**Information shown:**
★ ★ ★ ★
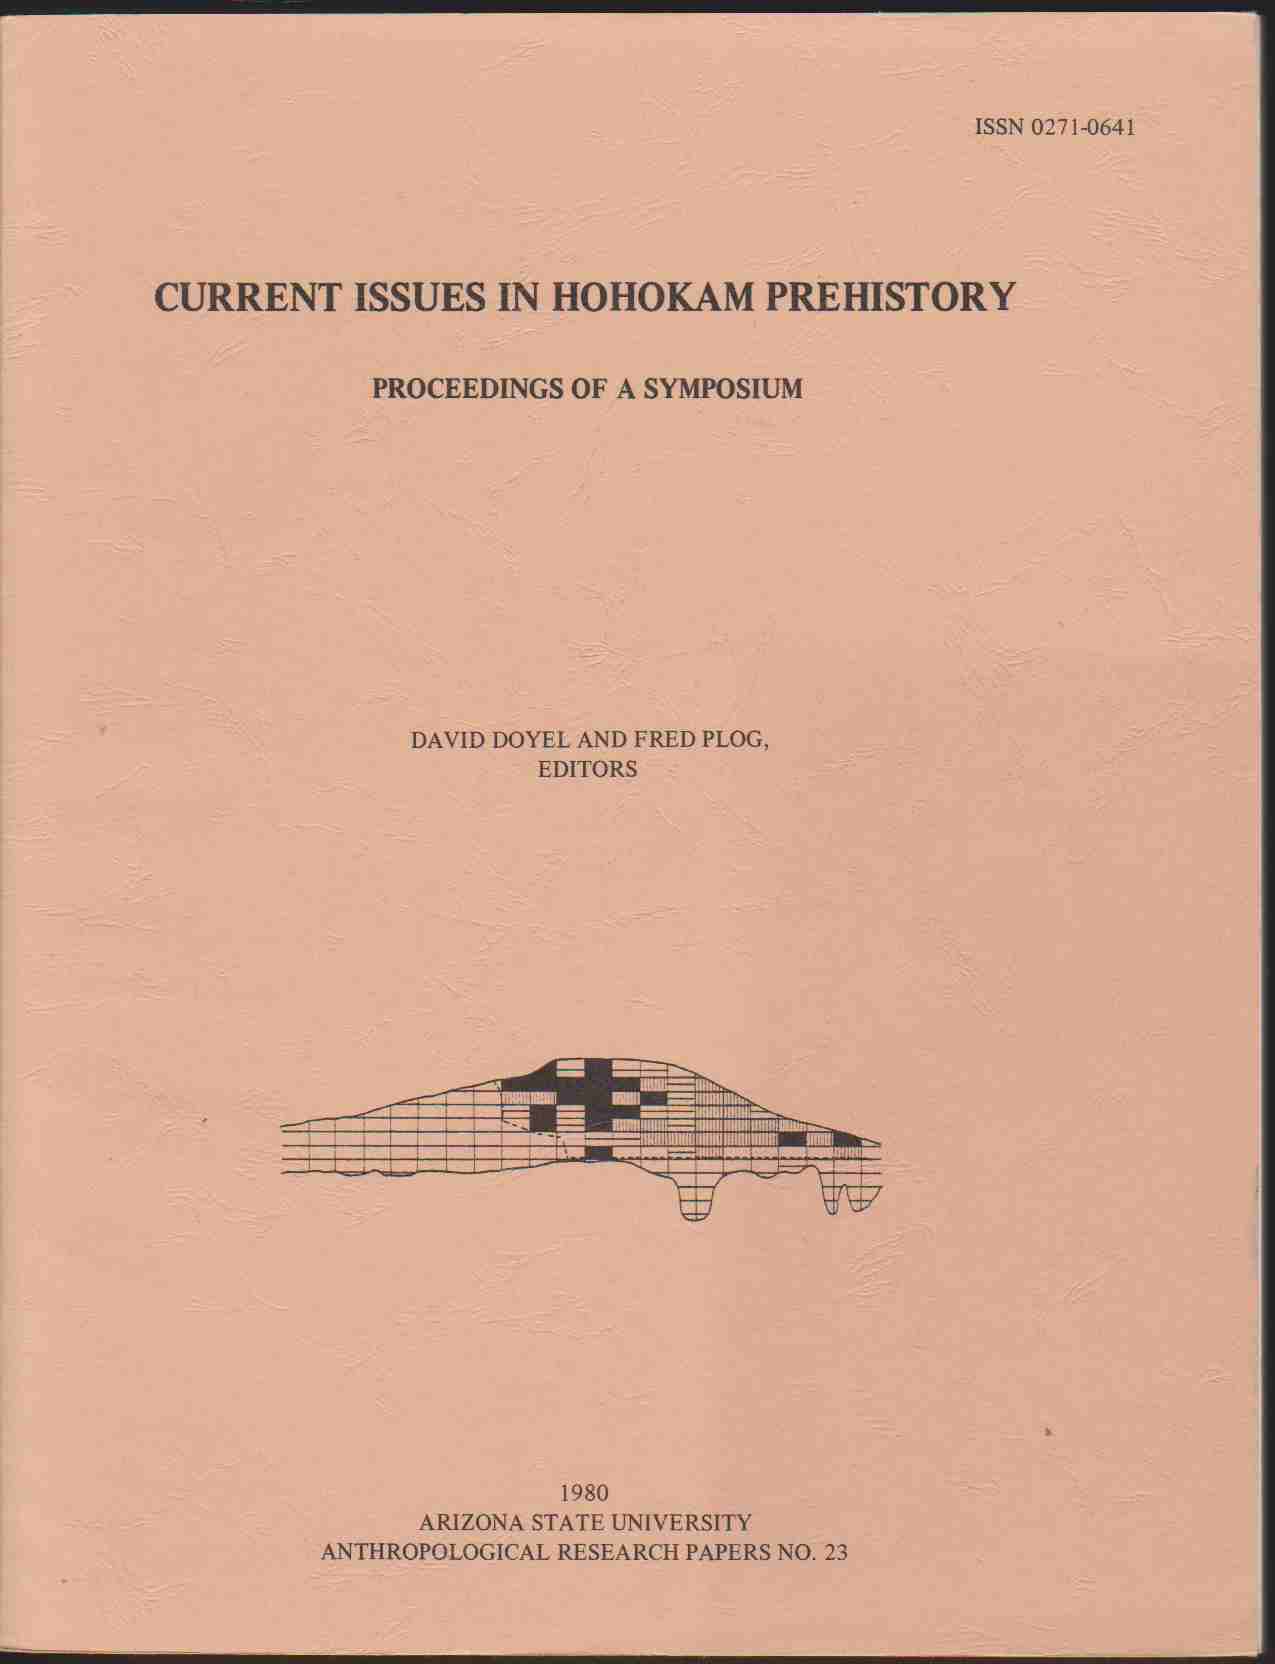 Image for CURRENT ISSUES IN HOHOKAM PREHISTORY. PROCEEDINGS OF A SYMPOSIUM. ARIZONA STATE UNIVERSITY ANTHROPOLOGICAL RESEARCH PAPERS NO. 23.
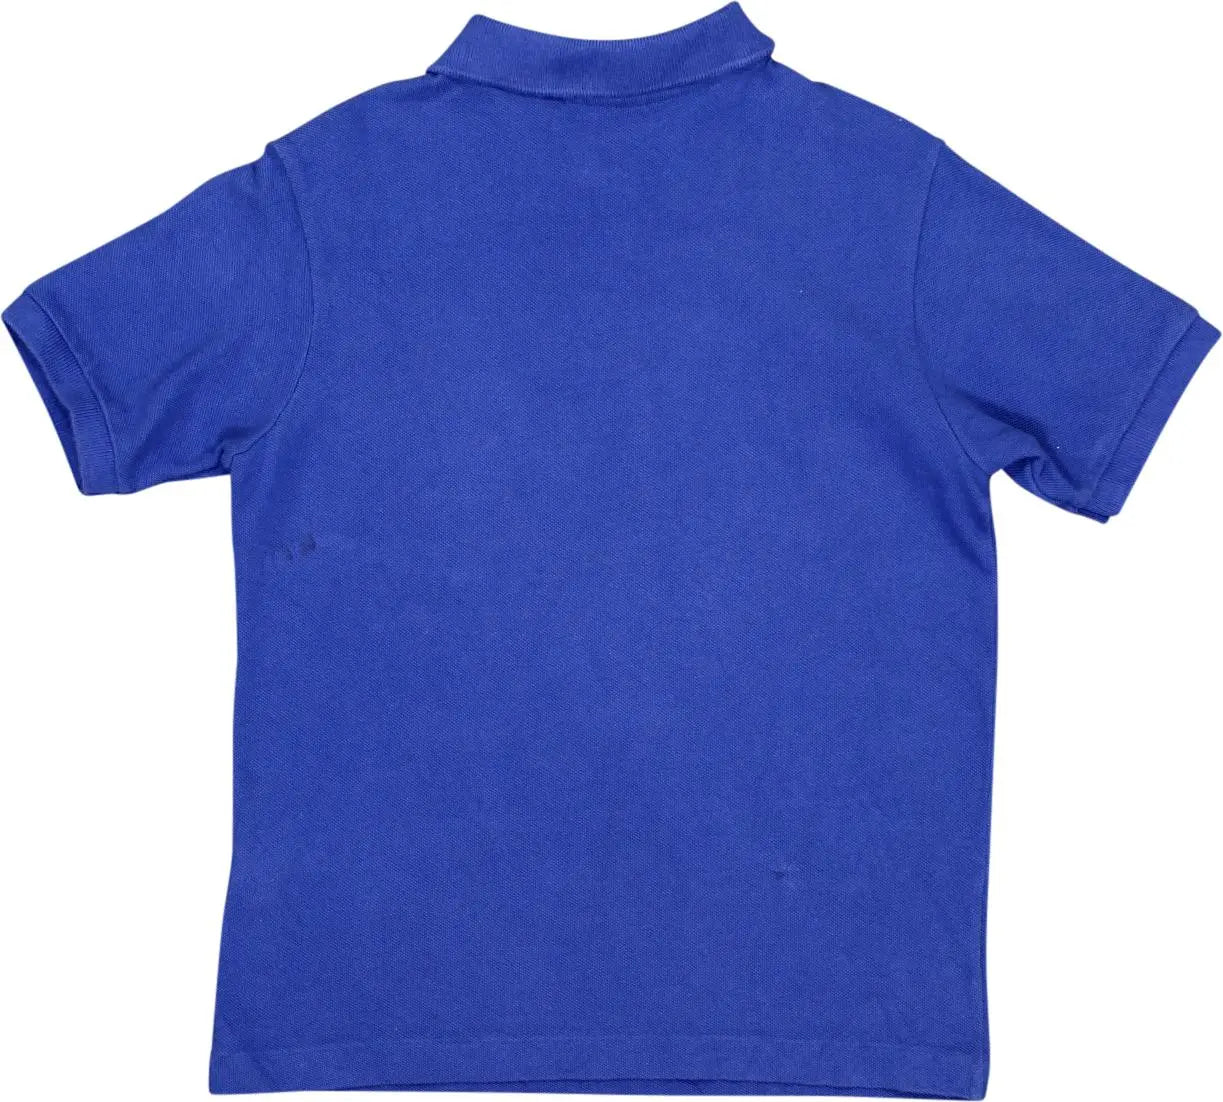 Lacoste - Blue Polo Shirt by Lacoste- ThriftTale.com - Vintage and second handclothing
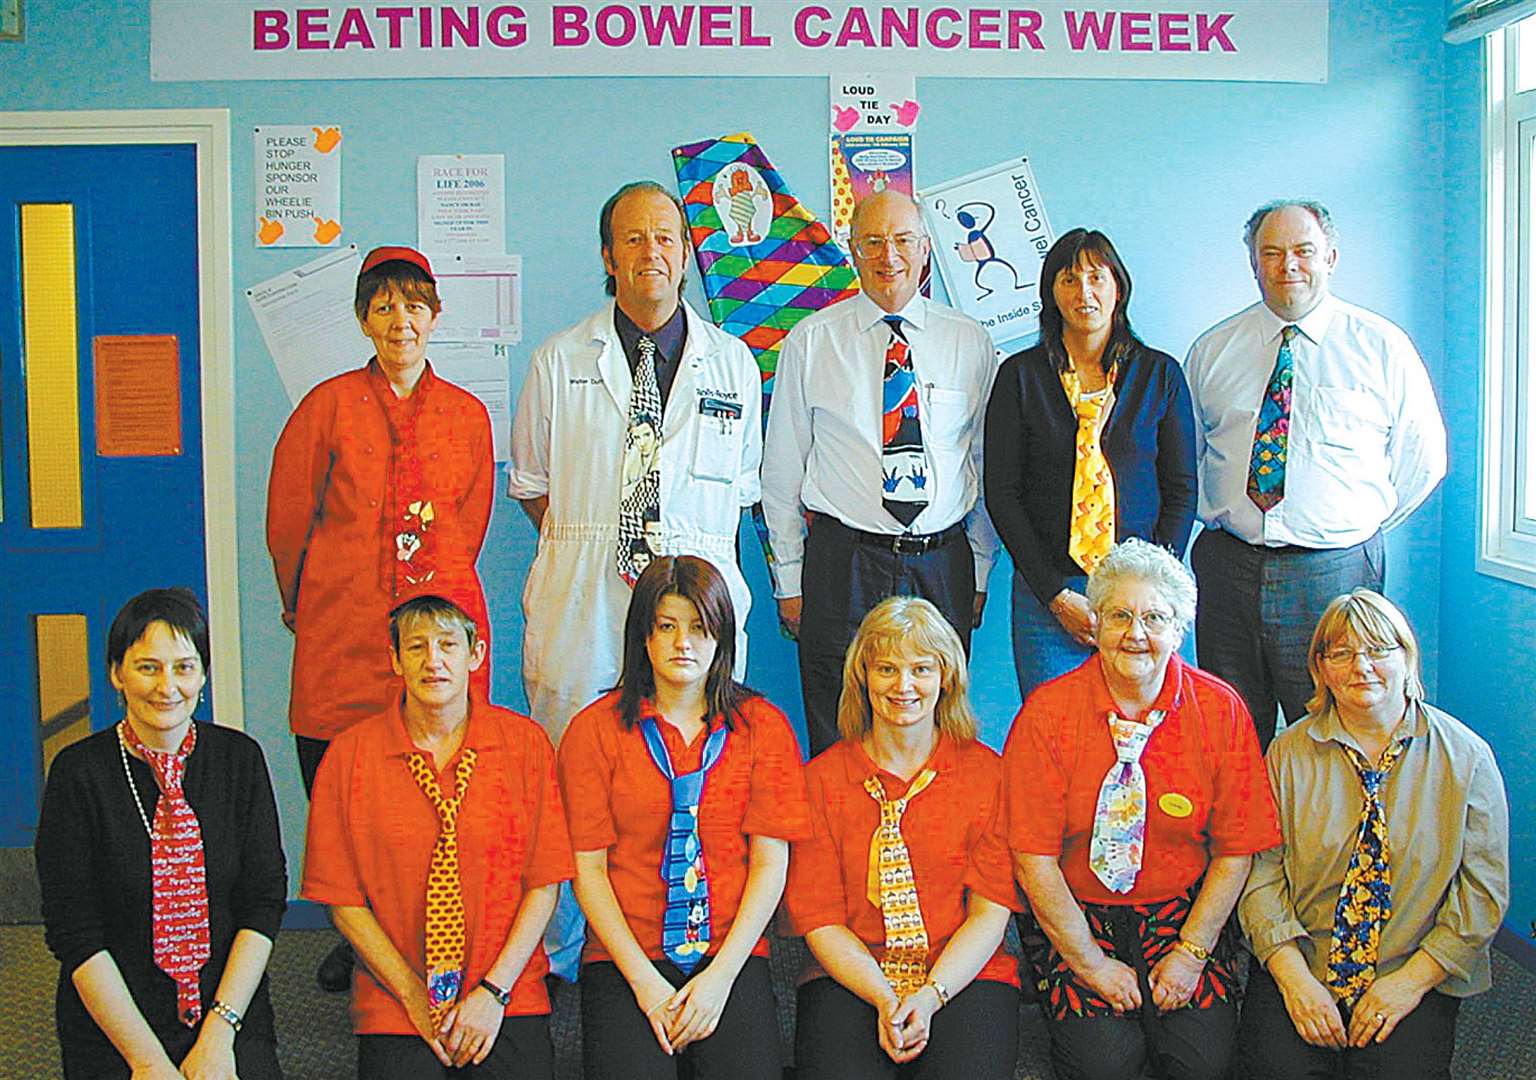 Rolls-Royce and Sodexho at Vulcan took part in a ‘loud tie’ competition as part of Bowel Cancer Awareness Week in 2006, raising over £200.
★ ★ ★ ★
**Work to be completed:** What the answer needs is every line from the one containing "Lacoste - Blue" through the final line of the data above, copied exactly, without pictures.

**Output of the task:**
 Lacoste - Blue Polo Shirt by Lacoste- ThriftTale.com - Vintage and second handclothing
 Rolls-Royce and Sodexho at Vulcan took part in a ‘loud tie’ competition as part of Bowel Cancer Awareness Week in 2006, raising over £200.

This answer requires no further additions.